Clinical Investigation

Evaluation of prenatally diagnosed fetal sacrococcygeal teratomas: A case series of seventeen pregnancies from South-central Turkey

10.4274/tjod.galenos.2020.68812

  • Mehmet Özsürmeli
  • Selim Büyükkurt
  • Mete Sucu
  • Erol Arslan
  • Selahattin Mısırlıoğlu
  • Çiğdem Akçabay
  • Masum Kayapınar
  • Süleyman Cansun Demir
  • İsmail Cüneyt Evrüke

Received Date: 16.01.2020 Accepted Date: 19.05.2020 Turk J Obstet Gynecol 2020;17(3):170-174 PMID: 33072420

Objective:

To evaluate sacrococcygeal teratoma (SCT) cases according to associated cardiac, extracardiac, and chromosomal anomalies in the prenatal period, and to review their outcomes.

Materials and Methods:

Data of pregnancies with a prenatal diagnosis of SCT between 2009 and 2019 were retrospectively reviewed.

Results:

One ongoing pregnancy was excluded. There were five medically terminated cases, three due to severe heart failure and the remaining two due to additional congenital defects. Two infants who had heart failure due to hyperdynamic flow died in the neonatal period. Nine infants are well and alive at the time of writing.

Conclusion:

When a lesion is detected in the sacrococcygeal region during fetal sonography, the differential diagnosis should be made with an appropriate evaluation with emphasis on a possible diagnosis of fetal SCT. Tumor growth and heart failure should be monitored with serial scans when SCT has been diagnosed prenatally.

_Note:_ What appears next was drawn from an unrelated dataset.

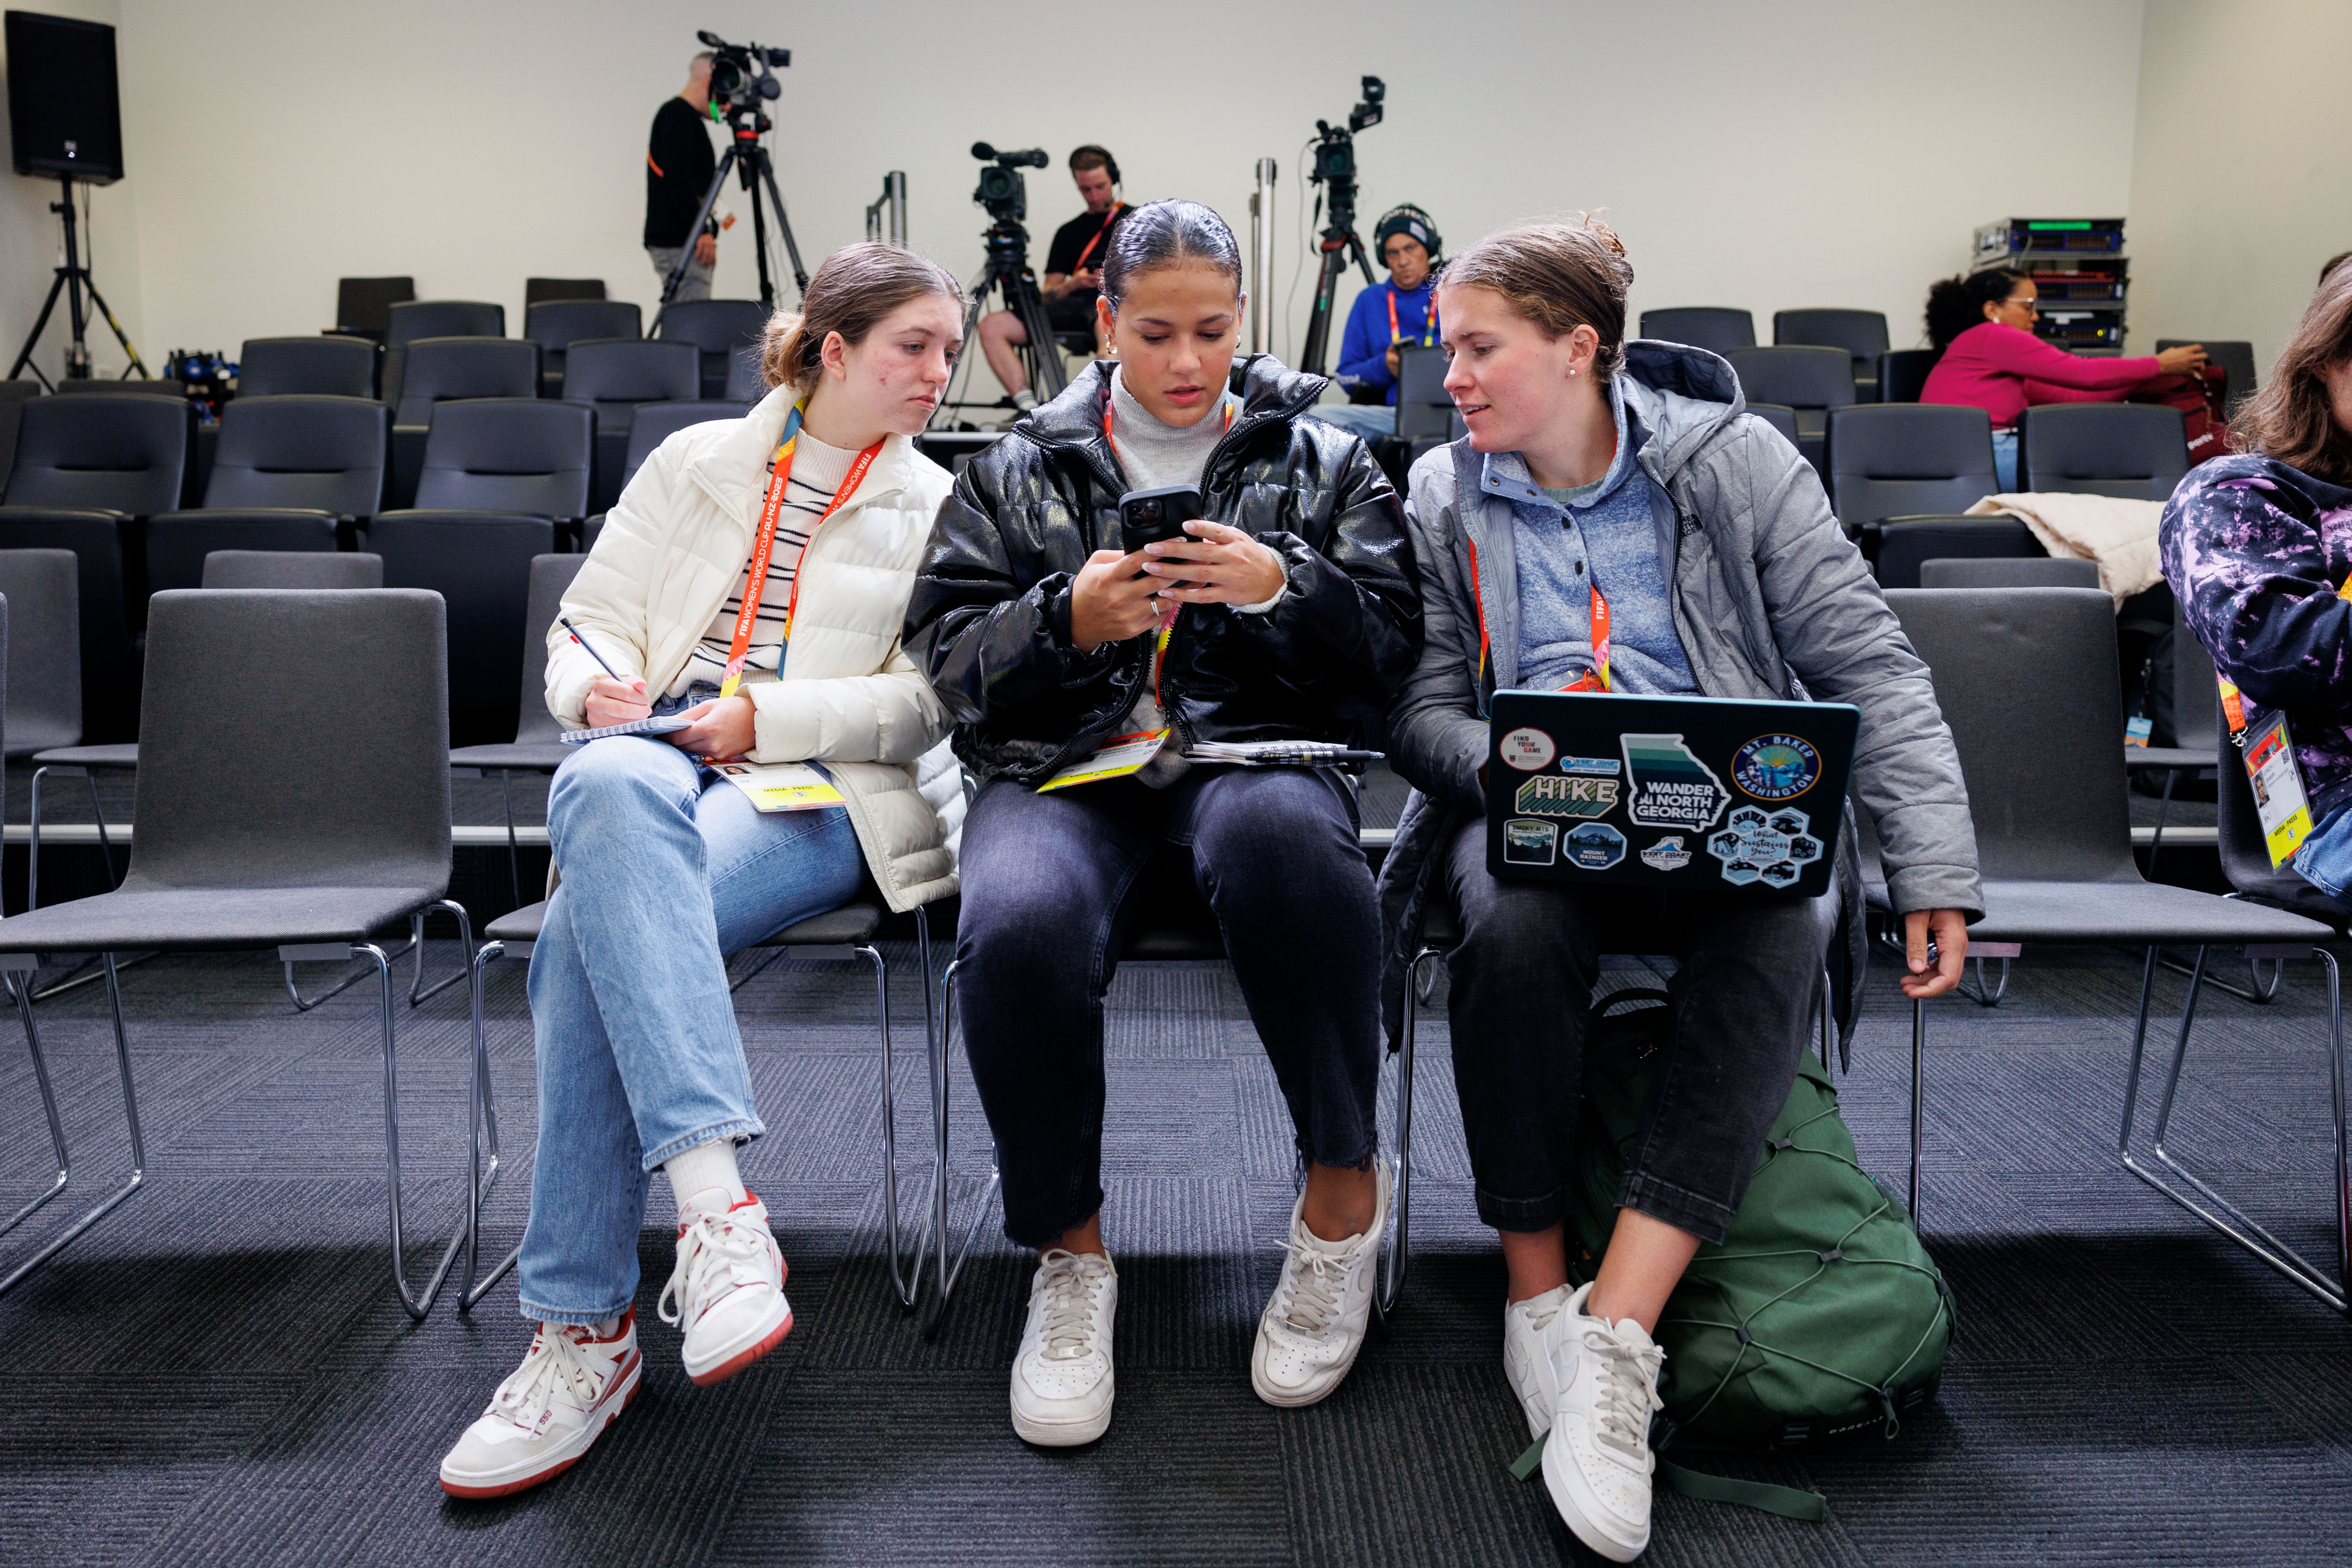 Three students wait for the start of the Jamaica news conference at the Melbourne Rectangular Stadium in Melbourne, Australia.

Keywords: Prenatal diagnosis, teratoma, sacrococcygeal region

PRECIS: In present study, we evaluated prenatally diagnosed cases with sacrococcygeal teratoma and associated anomalies.


Introduction

Sacrococcygeal teratomas (SCT) are one of the most common congenital tumors with an incidence of 1/35,000 to 40,000 of live births(1,2). The teratomas detected in the perinatal period mostly derive from pluripotent primitive stem cells in Hensen’s node in the sacrococcygeal region(3,4). Teratomas are classified histologically as mature and immature, and immature elements are composed of primitive neuroglial tissues(5).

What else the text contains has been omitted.